EXERCISE INSTRUCTIONS:
Would you reproduce each line below exactly, leaving every picture out?

DATA:
--- START ---

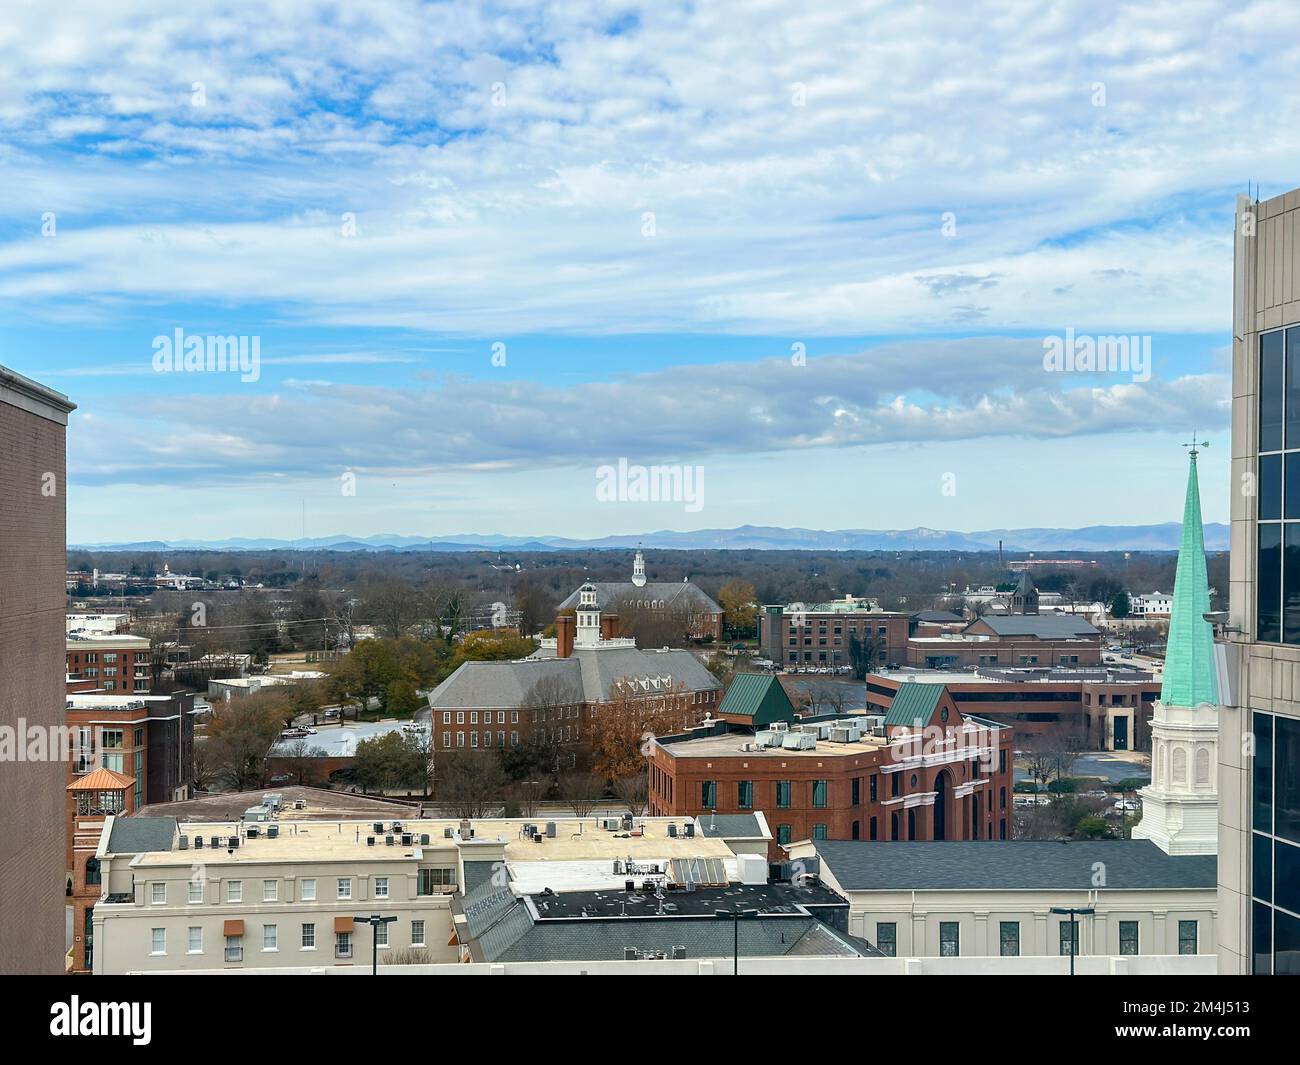 Looking over downtown Greenville, South Carolina from an upper floor with Blue Ridge Mountains in the distance. Stock Photo
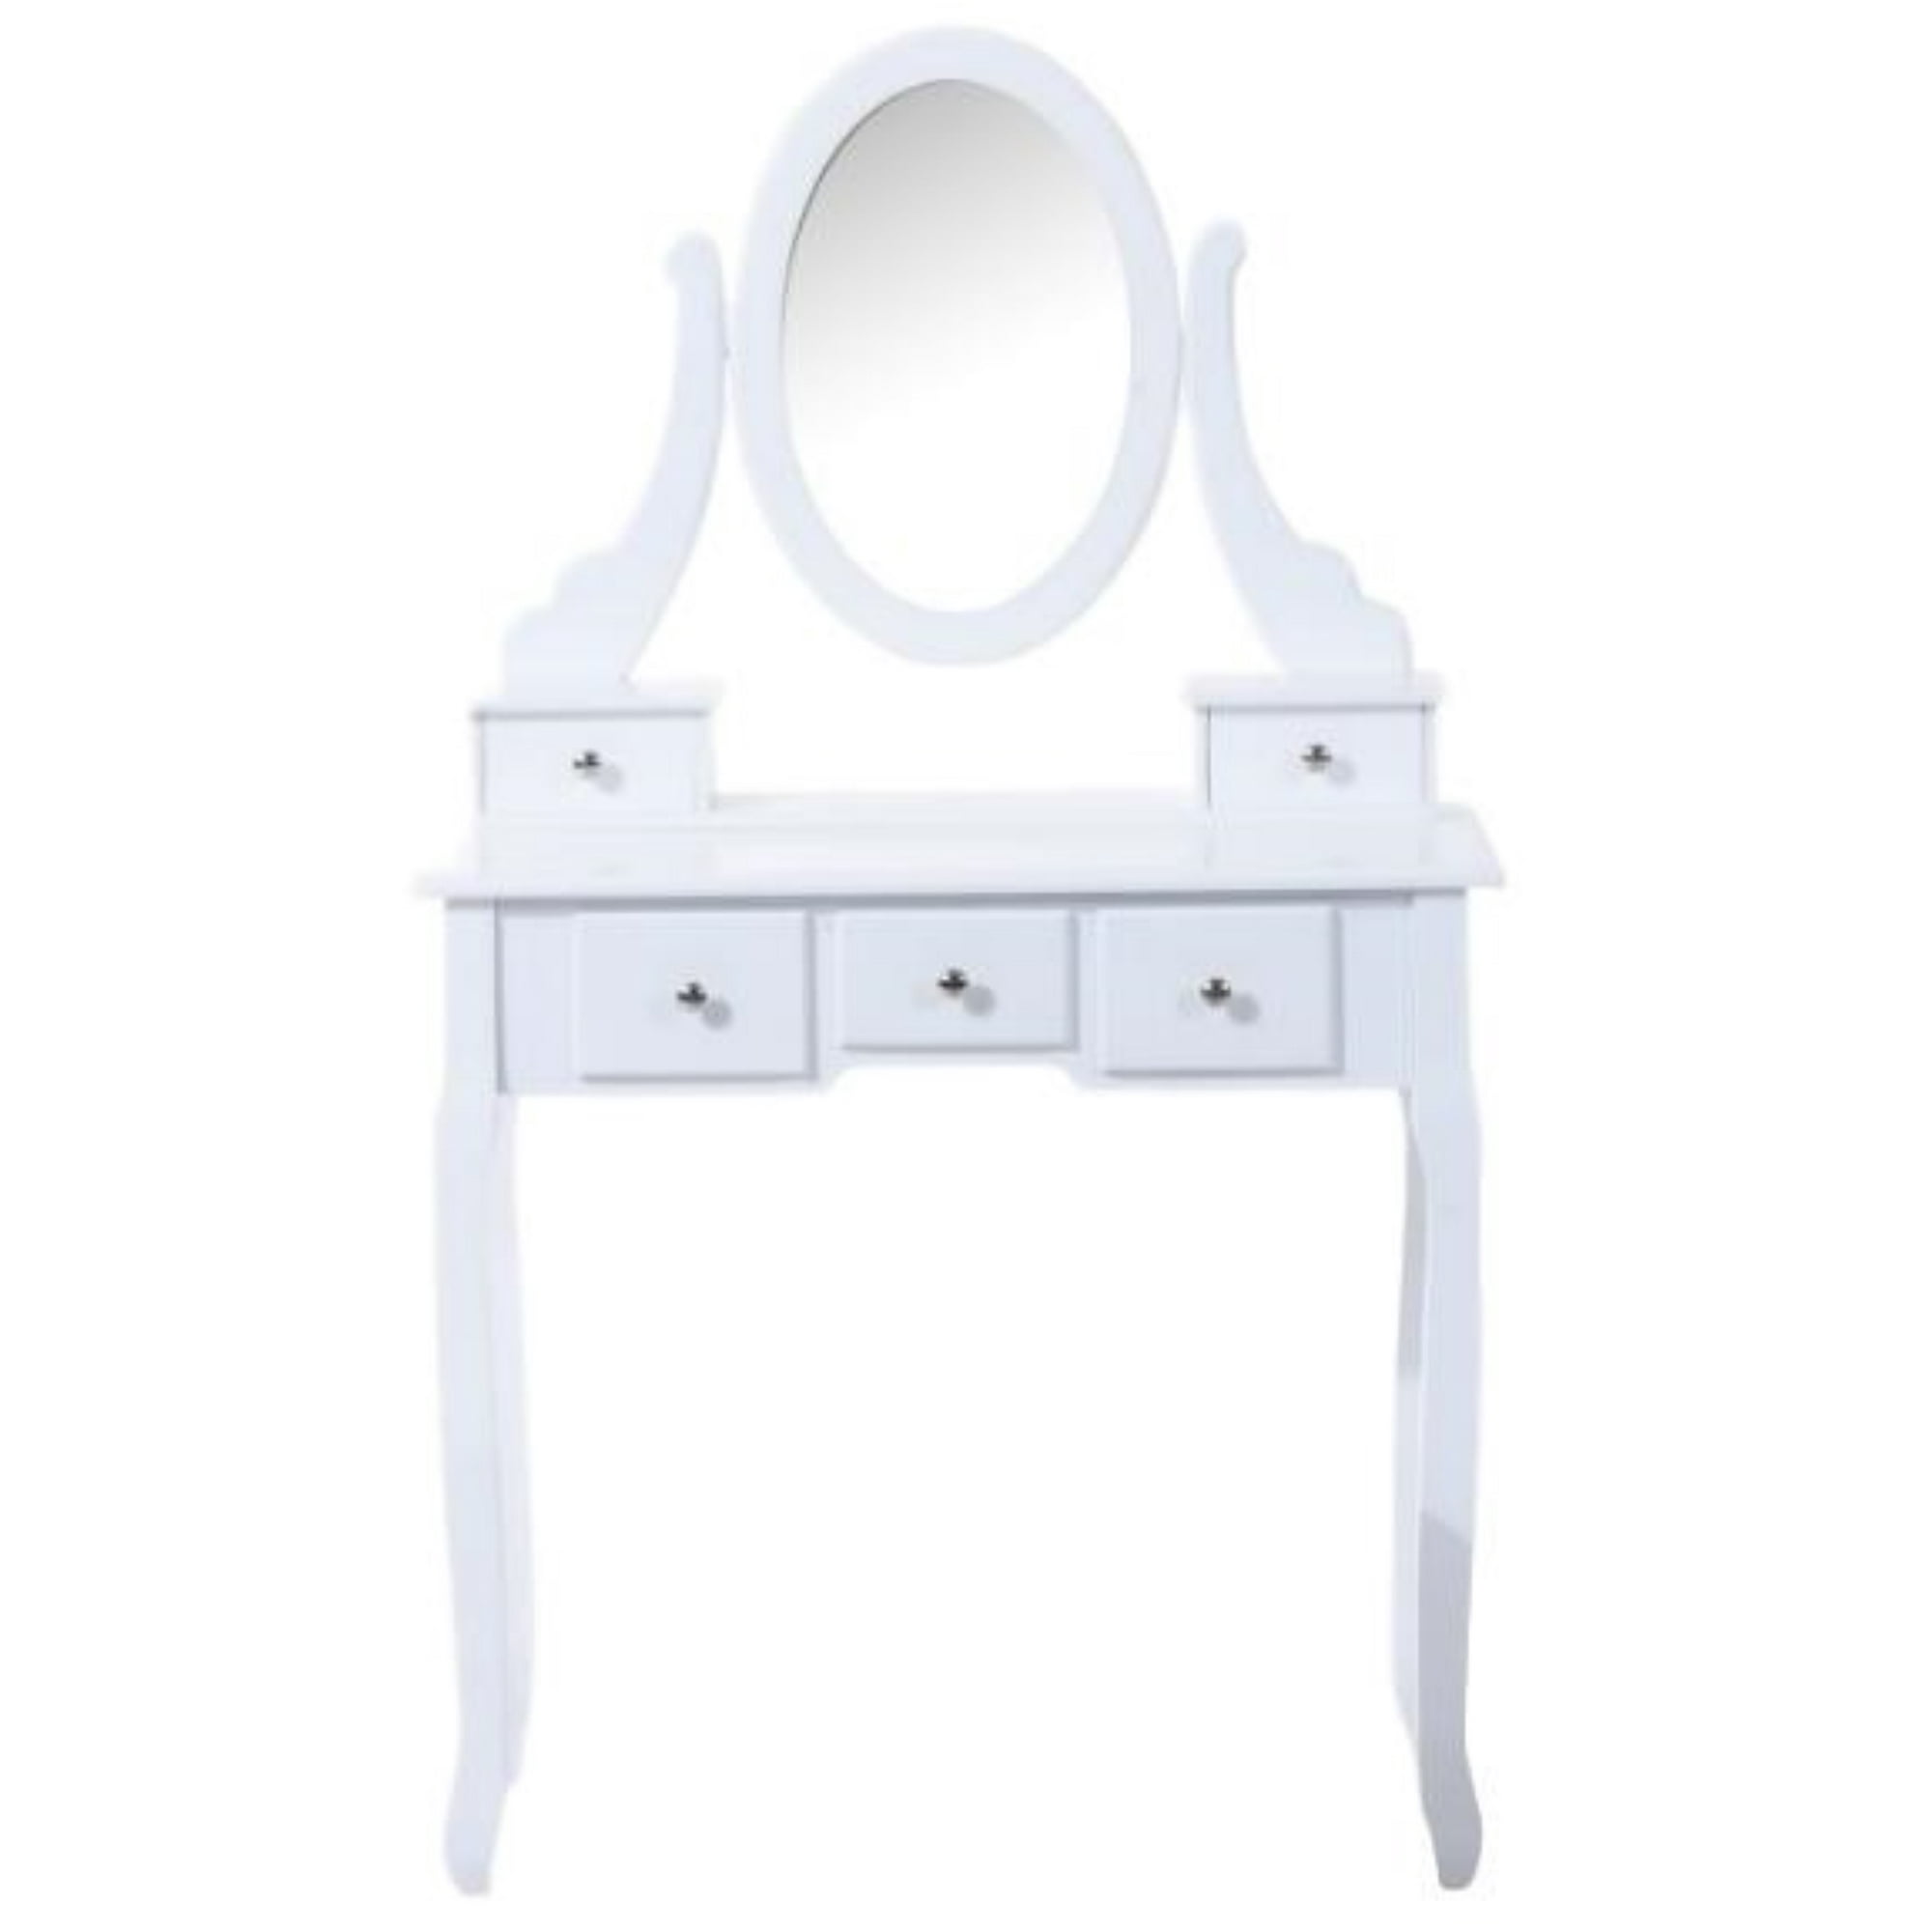 Viscologic Ivory Wooden Mirrored Makeup, Viscologic Pearl Wooden Mirrored Makeup Vanity Table White
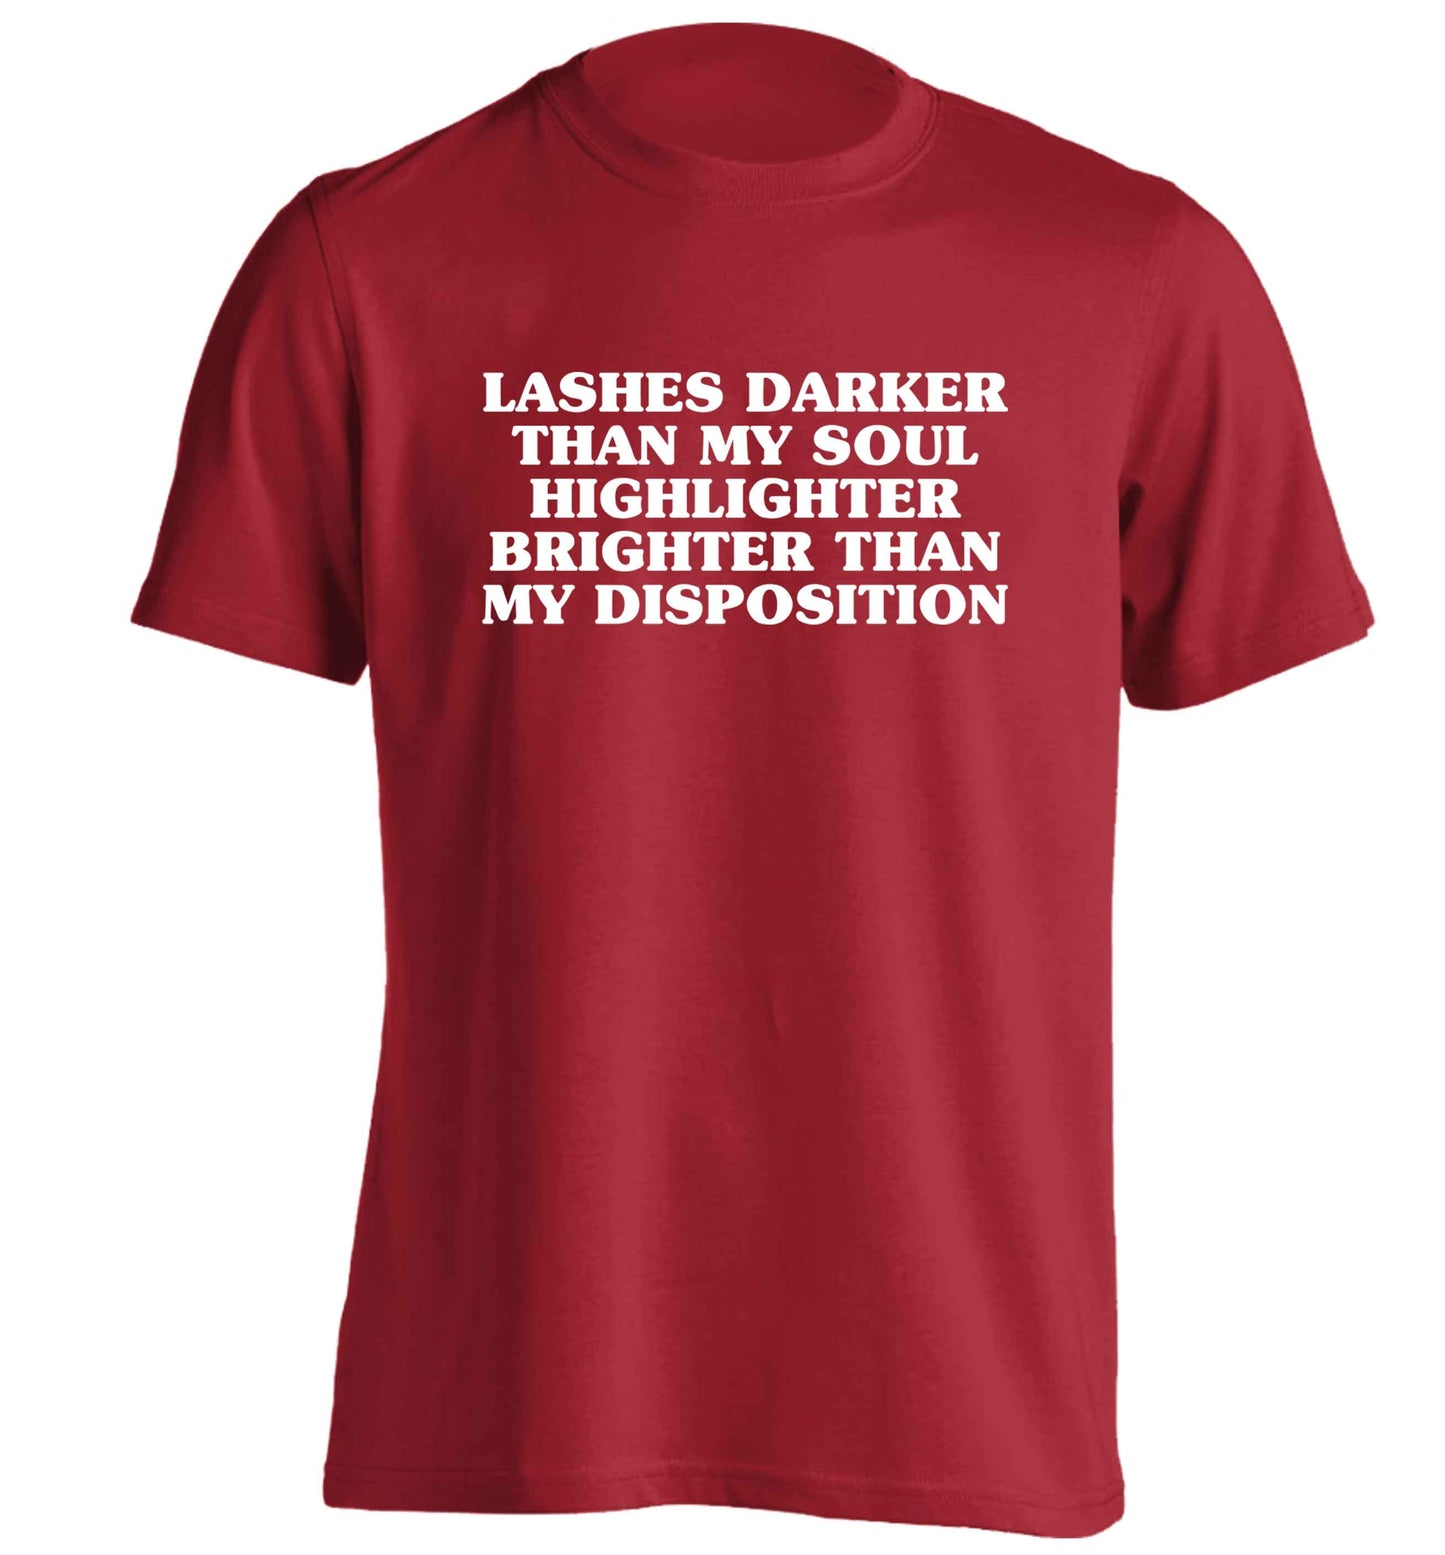 Lashes darker than my soul, highlighter brighter than my disposition adults unisex red Tshirt 2XL

--- END ---

ANSWER TO THE EXERCISE:
 Looking over downtown Greenville, South Carolina from an upper floor with Blue Ridge Mountains in the distance. Stock Photo
 Viscologic Ivory Wooden Mirrored Makeup, Viscologic Pearl Wooden Mirrored Makeup Vanity Table White
 Lashes darker than my soul, highlighter brighter than my disposition adults unisex red Tshirt 2XL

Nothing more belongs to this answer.